# Got my upgraded Mg's back!



## Te.jas.on (Mar 28, 2005)

Sent my Mg's in for the frame upgrade a little while back.

Just got my reels back in the mail. I could swear these are new reels.

I've always heard that 9 times out of 10 Shimano sends you back a newer/better reel than you send them and in this case, I can definitely say that's true. I sent them two beat up, heavily fished Mg's. I got back two cleaned, oiled, upgraded, and ready to fish reels IN THE BOX!

THANKS SHIMANO!

Just FYI, it took just a little over a month to get the reels back.​


----------



## fishchaser (Jul 28, 2005)

Hey Te.jas.on
Are you talking about the ch100mg? Can you elaborate on the frame upgrade. I've not heard about it. Thanks


----------



## Trouthunter (Dec 18, 1998)

He's talking about the 50MG. If you have an older 50MG you can send it to Shimano and they'll upgrade the reel with their new coated frame.

TH


----------



## rippin lips (Jan 8, 2005)

You can take them to FTU also they are a repair center only 3 days compaired to what Shimano said 5-6 weeks.Came back just like new.Hats off to FTU .


----------



## Te.jas.on (Mar 28, 2005)

I wanted to send it to Shimano just to see if all the things I had heard about their reel service were true.

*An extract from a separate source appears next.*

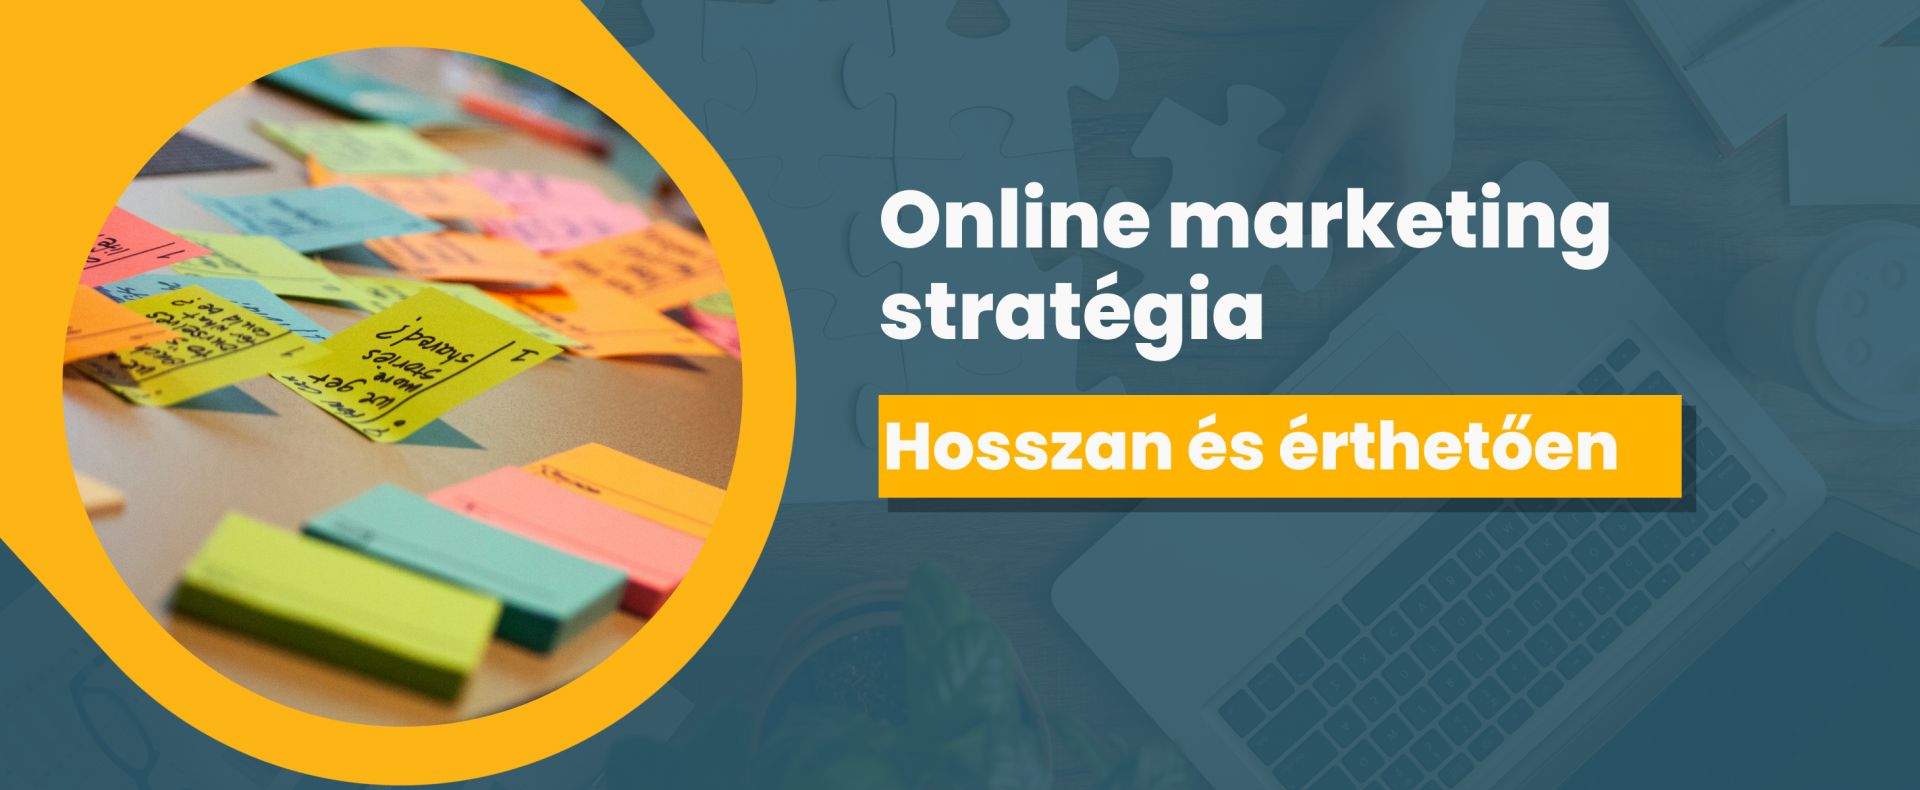 Online marketing stratégia  - hosszan és érthetően

My frames were already corroded and I didn't really think FTU would have the entire replacement frame on hand (maybe they do), and since I wasn't hurting for the reels, I went ahead and sen them in to Shimano.

I got back two new reels, in the boxes. Not a scatch, nick, or ding on either of them (the ones I sent in had considerable boat rash). The reels were clean, lubed, and ready to go.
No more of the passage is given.